How to cherry-pick from a remote branch?
I'm having trouble performing a cherry-pick. On my local machine, I'm currently on my "master" branch. I want to cherry-pick in a commit from another branch, named "zebra". The "zebra" branch is a remote branch.
So git status:
# On branch master
nothing to commit (working directory clean)
Ok, now I try to cherry-pick the commit I want:
git cherry-pick xyz
fatal: bad object xyz
where "xyz" is the signature of the commit I'm interested in, that happened on branch "zebra".
So the first obvious question is, why can't git find the commit I'm referencing? I don't really understand how this is working in the first place to be honest. Does git store something like a database of commits locally in my working directory, for all other branches? When executing the cherry-pick command, does it go and search that local database to find the commit I'm talking about?
Since "zebra" is a remote branch, I was thinking I don't have its data locally. So I switched branches:
git checkout zebra
Switched to branch 'zebra'
So now here on my local machine, I can see that the files in the directory reflect zebra's state correctly. I switch back to master, try to cherry-pick again (hoping the commit data is available now), but I get the same problem.
I've got a fundamental misunderstanding of what's going on here, any help would be great.
Solution 1:
Since "zebra" is a remote branch, I was thinking I don't have its data locally.
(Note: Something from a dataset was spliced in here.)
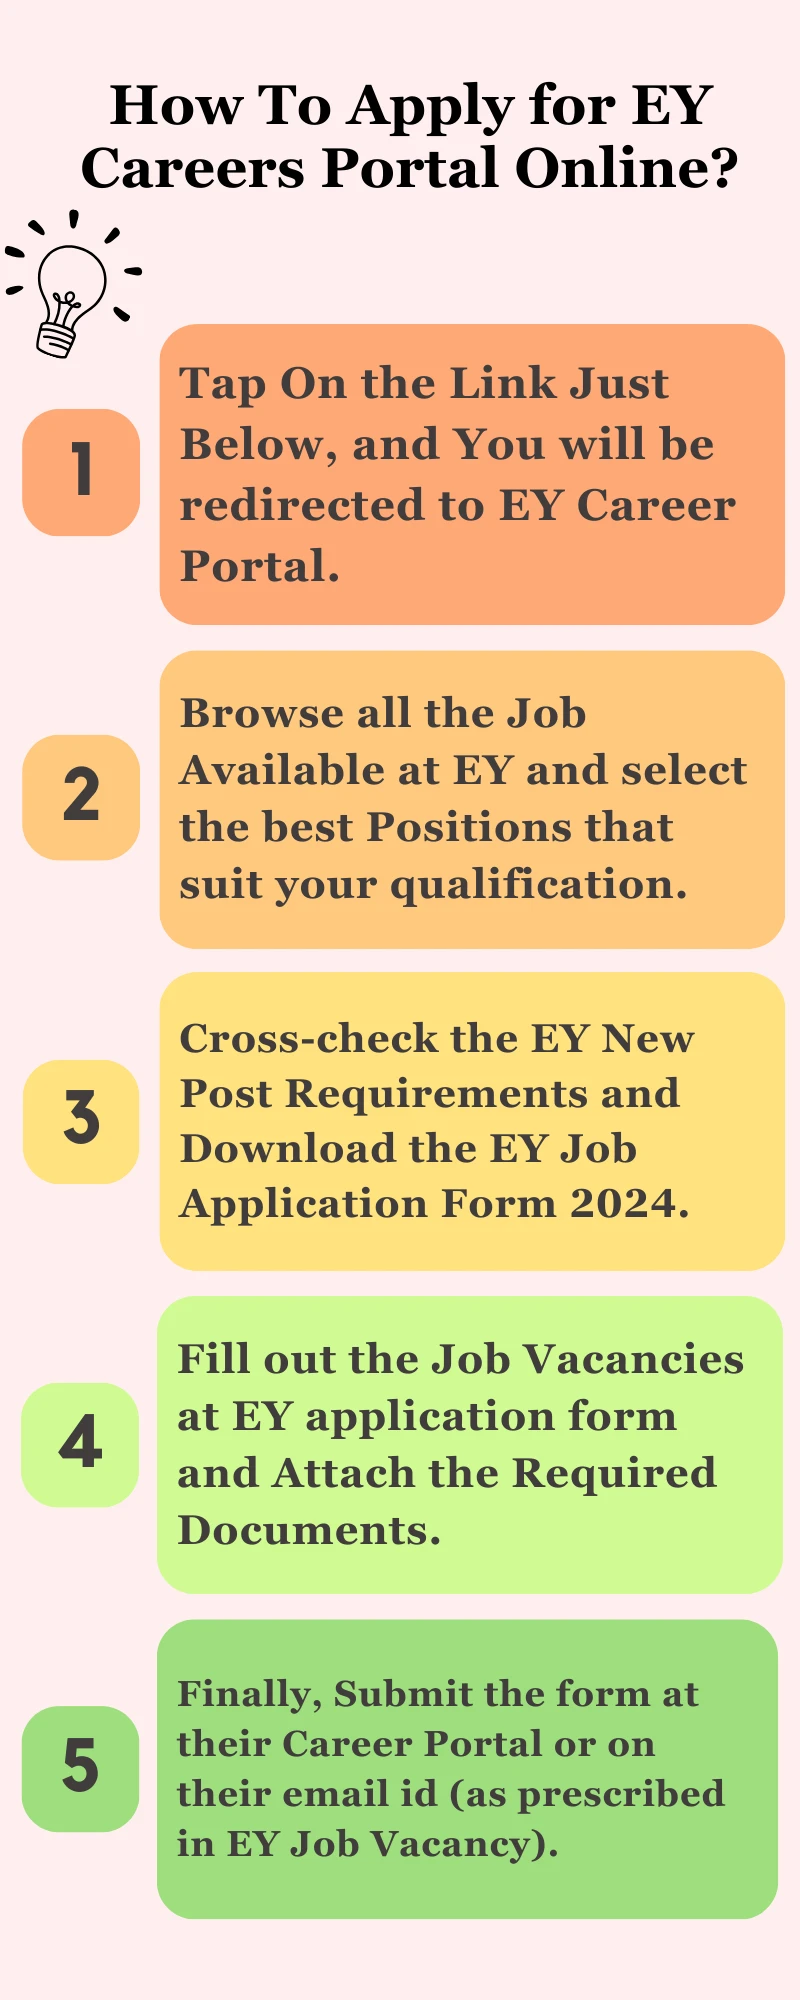 How To Apply for EY Careers Portal Online?

You are correct that you don't have the right data, but tried to resolve it in the wrong way. To collect data locally from a remote source, you need to use git fetch
. When you did git checkout zebra
you switched to whatever the state of that branch was the last time you fetched. So fetch from the remote first:
# fetch just the one remote
git fetch <remote>
# or fetch from all remotes
git fetch --all
# make sure you're back on the branch you want to cherry-pick to
git cherry-pick xyz
Solution 2:
Just as an addendum to OP accepted answer:
If you having issues with
fatal: bad object xxxxx
that's because you don't have access to that commit. Which means you don't have that repo stored locally. Then:
git remote add LABEL_FOR_THE_REPO REPO_YOU_WANT_THE_COMMIT_FROM
git fetch LABEL_FOR_THE_REPO
git cherry-pick xxxxxxx
Where xxxxxxx is the commit hash you want.